Davis and Lundy said Vangordern isn't truly paying for all the pain and suffering they have endured.
"You hear about victims' rights on television and how the justice system doesn't really work, but you don't really realize it until you go through it yourself," Davis said.
Eccher moved to Crystal River in 1999 after living in Treasure Island for nearly 30 years. She worked at the Howard Johnson's hotel on the island, moving up from waitress to assistant manager.
But when the hotel closed, it was time for her to move closer to her children.
Lundy and Davis, as well as their brother, Gary Eccher, have lived in Citrus County for more than 15 years.
"She was a little sad at first," Lundy said. "She missed her friends. But she loved being with her grandchildren."
Eccher was dubbed the "eagle-eye of Buckberry Court" for keeping a strict watch on the neighborhood goings-on. She was also known for her doll collection, which had become so large, the dolls actually had their own room.
Davis and Lundy estimate the worth of the collection at about $3,000.
Eccher had Marie Osmond dolls and baby dolls, bride dolls and clown dolls. Every day she would dust them and make sure their dresses were properly fluffed.
"They were like her babies," Lundy said.
While Eccher had been in poor health for a while, her death was nevertheless a tremendous blow. Davis said she just couldn't bring herself to enter a place still filled with her mother's presence. So for weeks, the house remained virtually untouched.
The sisters had planned to move all their mother's property on Jan. 26. But they were one day too late.
At 4 a.m.
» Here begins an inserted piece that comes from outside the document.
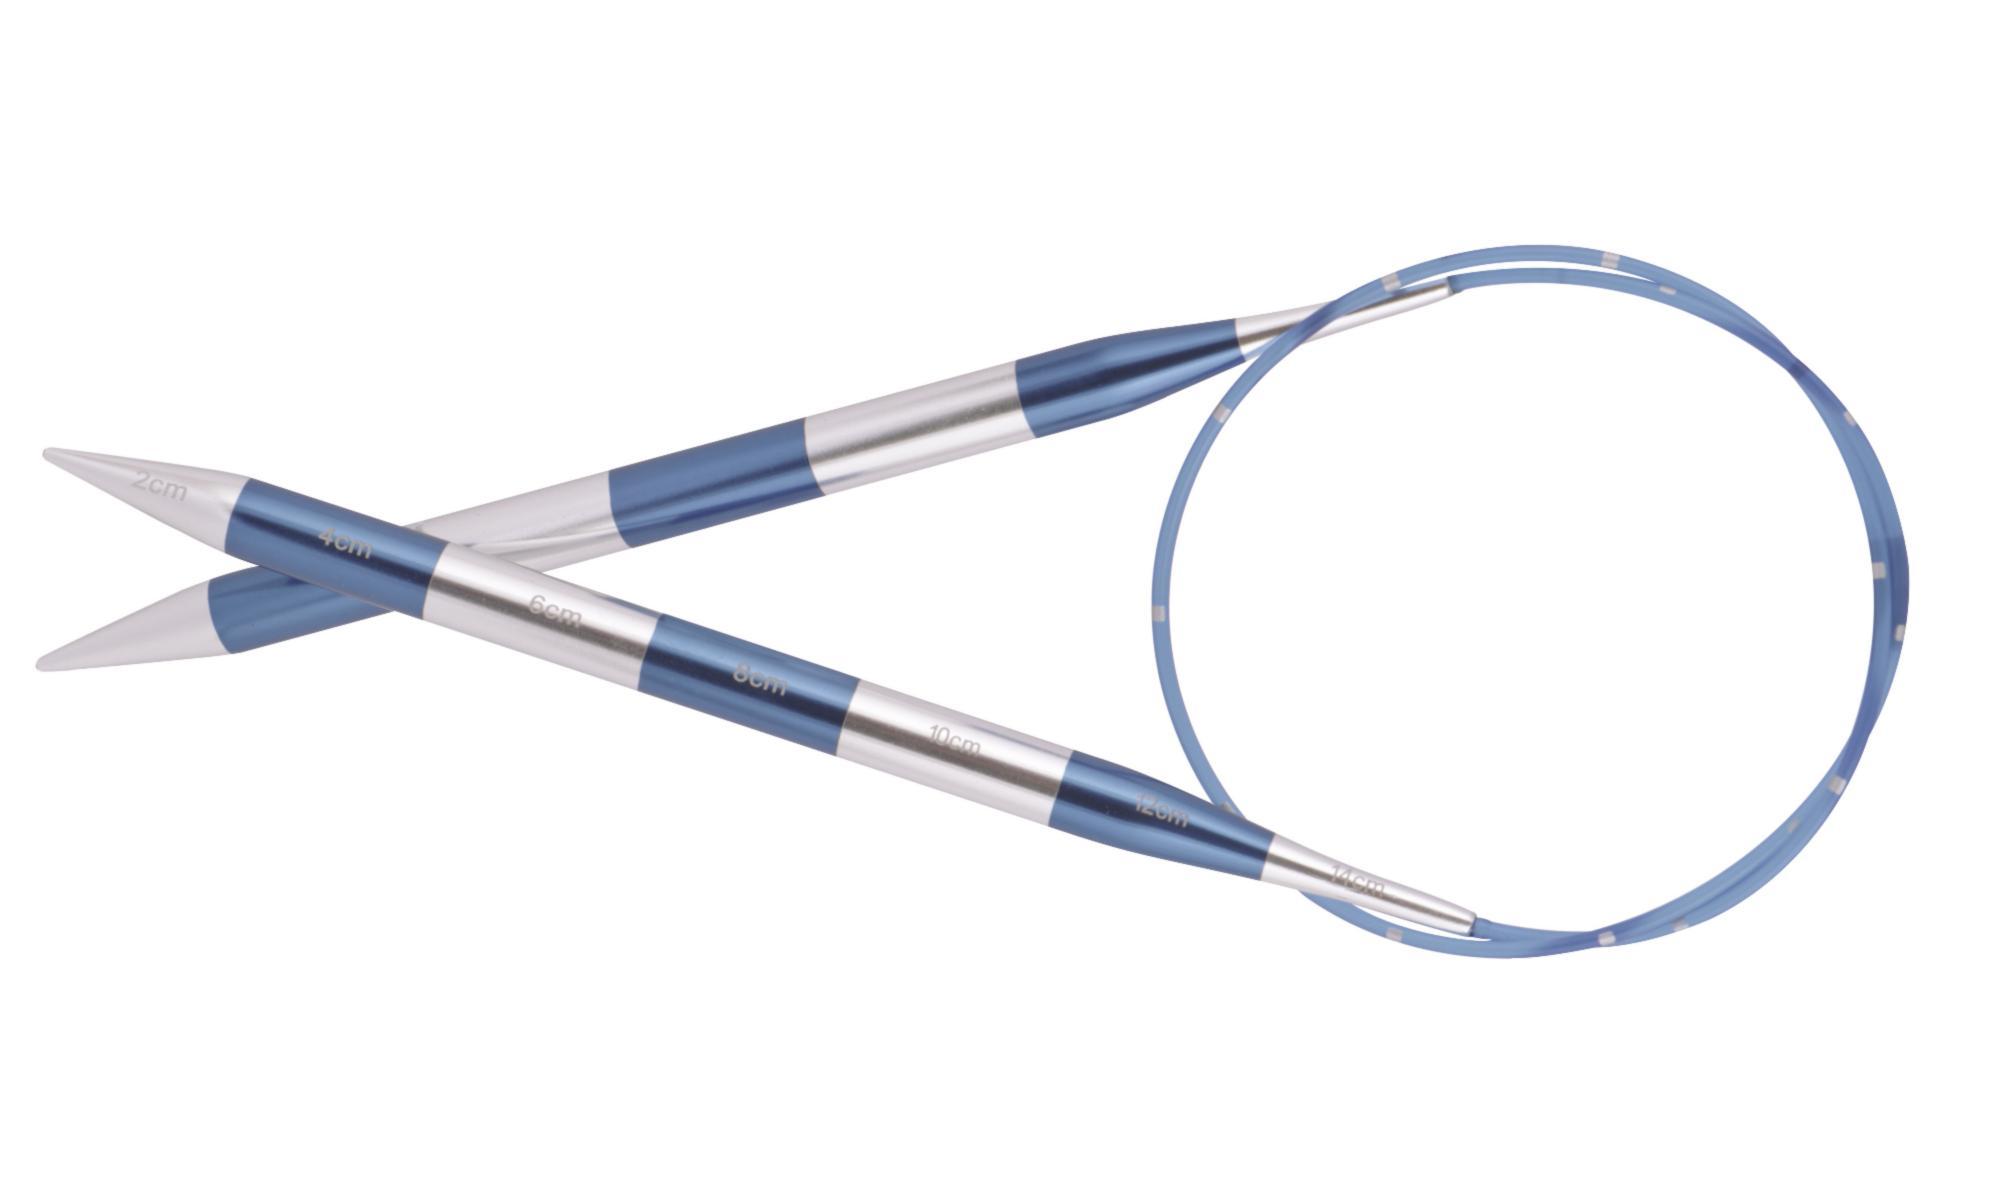 42066 Спицы круговые 3.25 мм - 60 см Smartstix KnitPro

Jan. 25, a neighbor knocked on Lundy's door and said her mother's house was on fire. Lundy, who lives nearby, rushed to the residence.
"The fire was raging, absolutely raging," she said. "The entire front was engulfed by flames."
The fire department and Citrus County Sheriff's Office already were fighting the blaze. Soon, the state fire marshal's office arrived.
Lundy was shocked by what the fire investigators told her: The house was probably burned by an arsonist.
Lt. Gloria Perrotti of the State Fire Marshal's office said the fire started in three different locations within the house. Samples have been sent to a state lab to determine what was used to start the blaze.
Within hours of the fire, sheriff's deputies arrested Vangordern and Page. According to an arrest report, Vangordern admitted breaking into the home and stealing a vacuum cleaner, telephone, stereo and three television sets.
Page is accused of helping Vangordern hide the stolen items underneath his house, which is across the street from Eccher's former residence.
When questioned by deputies about the fire, Vangordern said he may have accidentally set it by dropping a lit cigarette on the ground.
Perrotti said it's highly unlike a cigarette could have sparked such a large fire, but even if it had, Vangordern still could have faced arson charges. Under Florida law, a person who sets a fire while committing a felony can still be charged with arson, Perrotti said.
Lundy and Davis said they're actually grateful some items were stolen from the house, especially the telephone, which still has a recording of their mother's voice on the built-in answering machine.
"We used to call it just to hear her voice," Lundy said.
"It's all we have left now," Davis added.